*Exercise*
Any pictures in the records below must be left out when you repeat the lines from the line containing "Sukina Petto ผ้าอ้อมสุนัข" through the line containing "avril lavigne goodbye" exactly.

*Provided records*
>>>

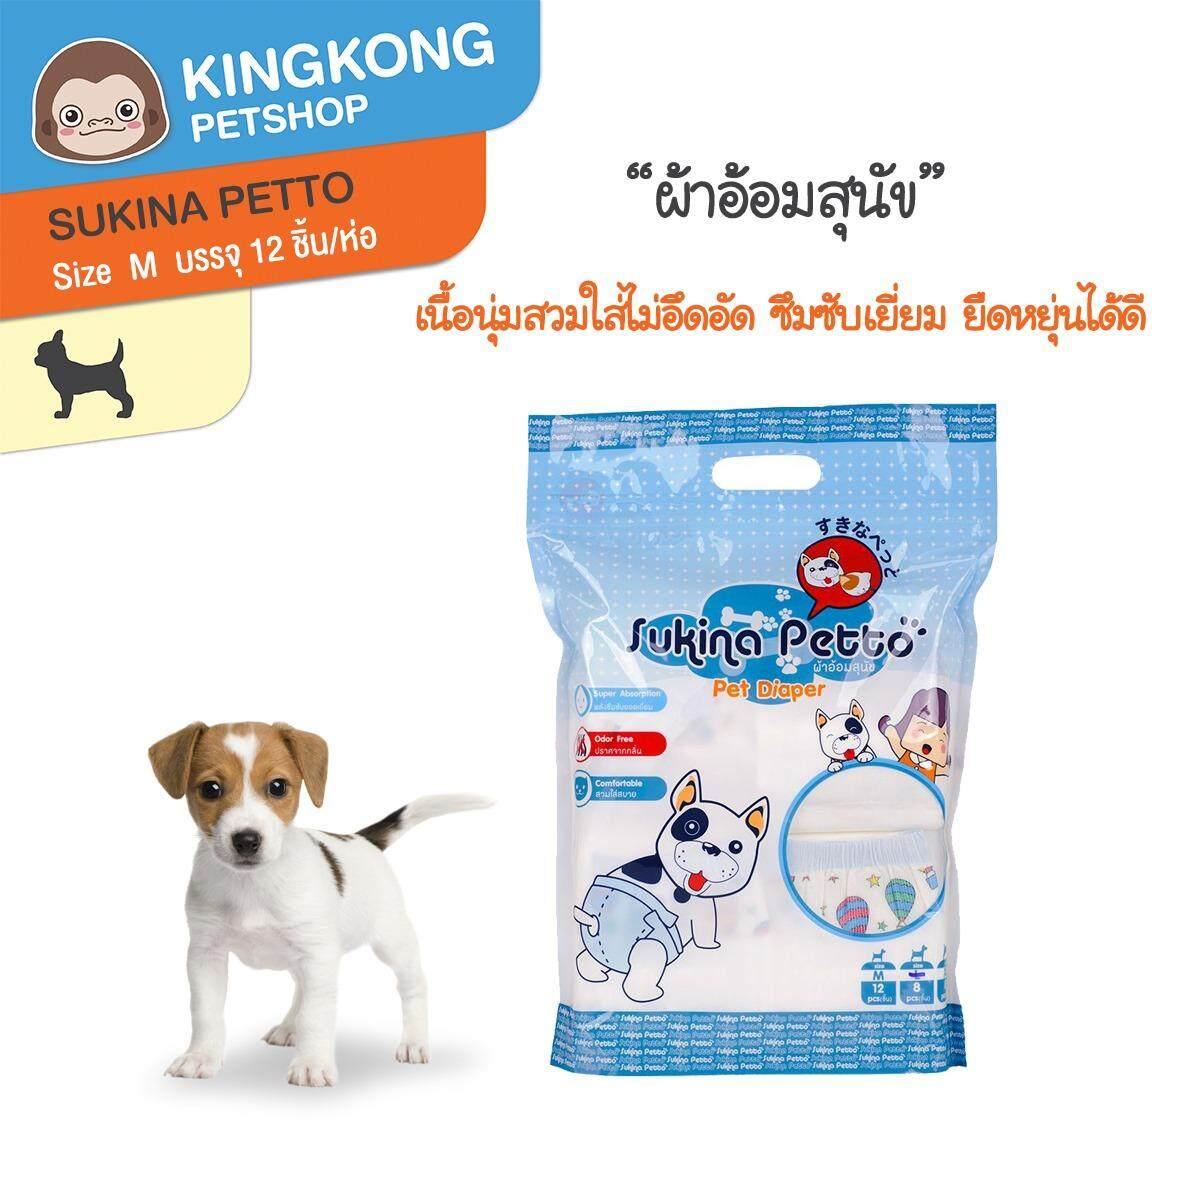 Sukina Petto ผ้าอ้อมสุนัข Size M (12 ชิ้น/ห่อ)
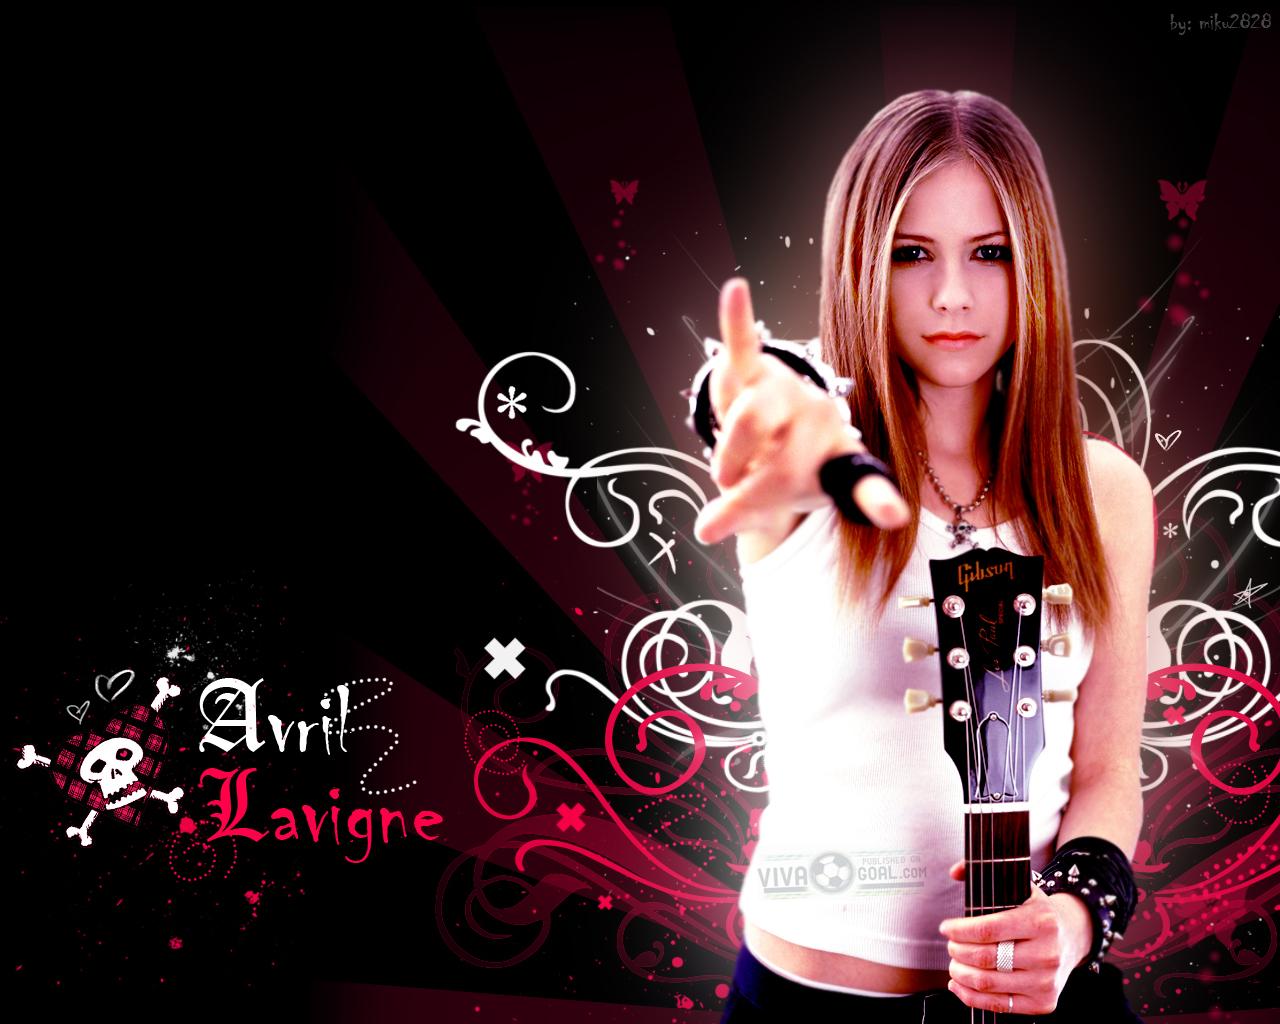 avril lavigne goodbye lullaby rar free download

<<<
>>>

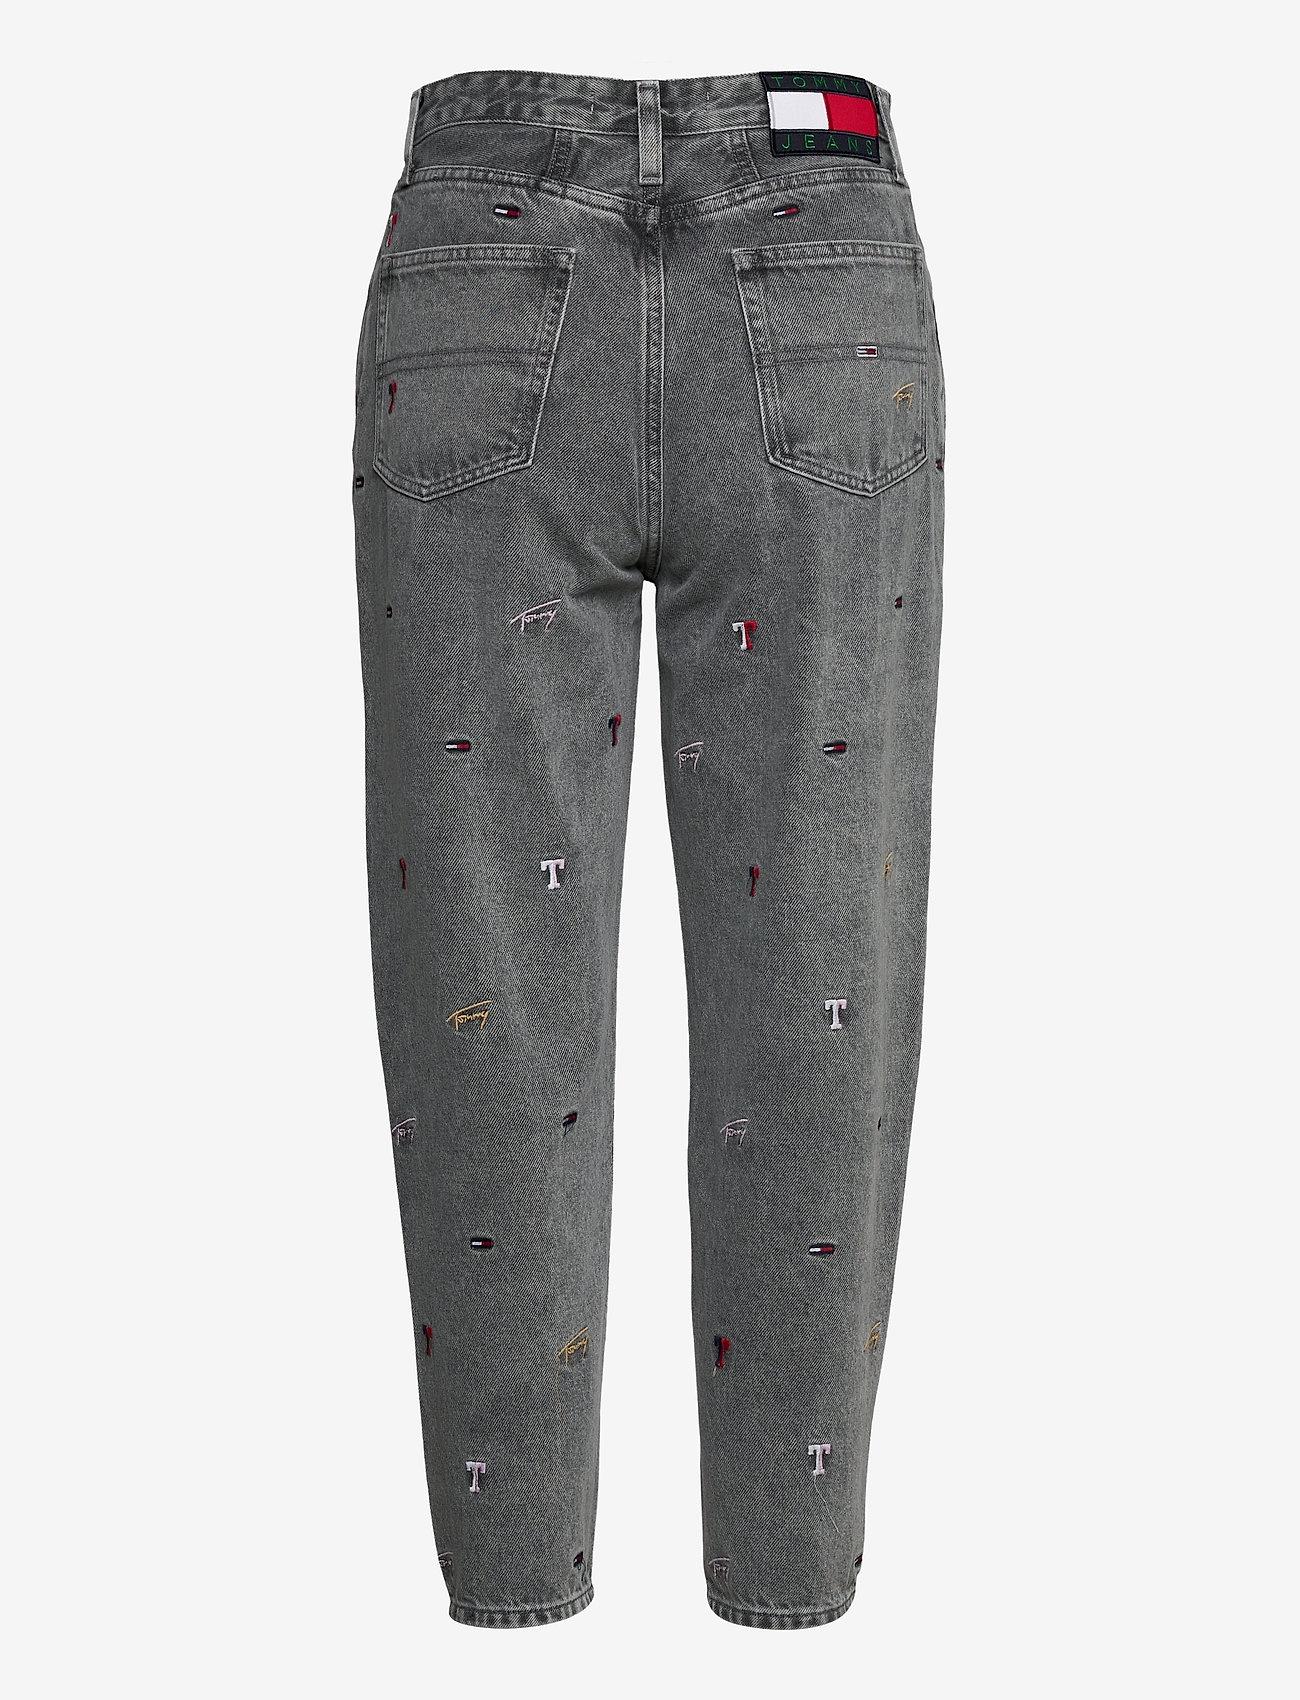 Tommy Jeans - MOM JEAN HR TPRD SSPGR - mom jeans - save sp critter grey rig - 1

<<<
>>>

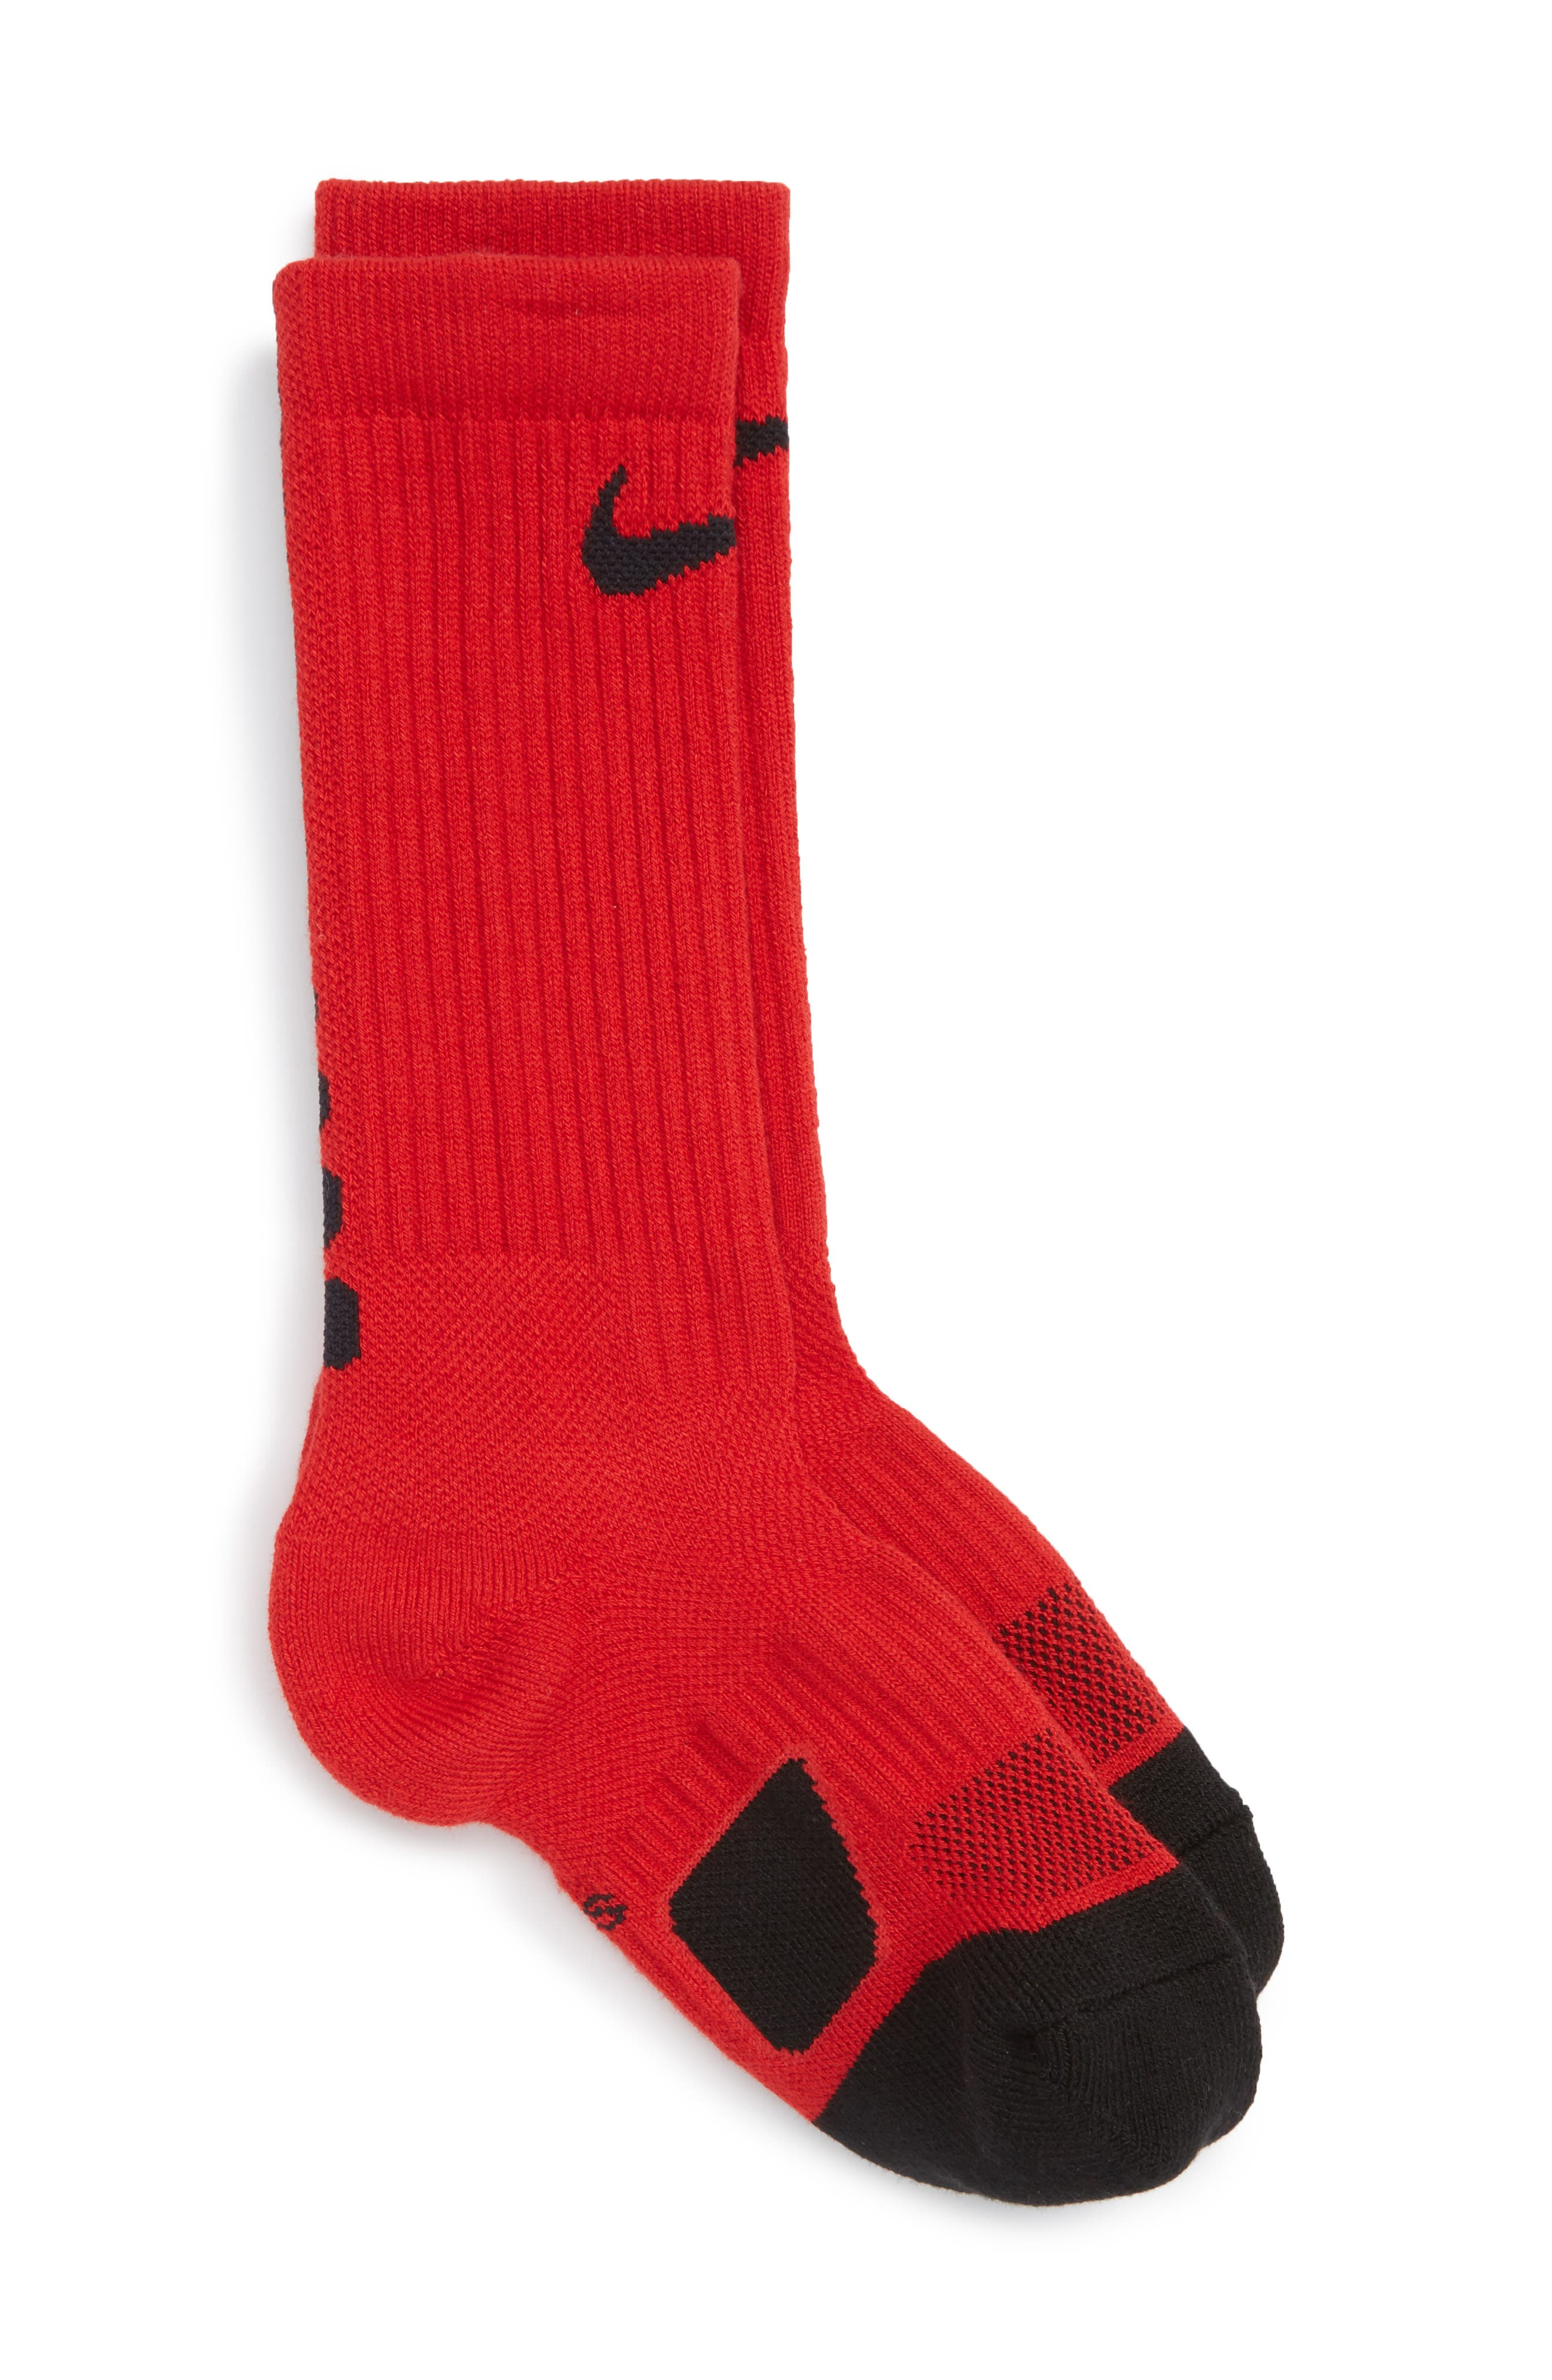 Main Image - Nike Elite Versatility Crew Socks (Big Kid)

<<<

*Answer to the exercise*
 Sukina Petto ผ้าอ้อมสุนัข Size M (12 ชิ้น/ห่อ)
 avril lavigne goodbye lullaby rar free download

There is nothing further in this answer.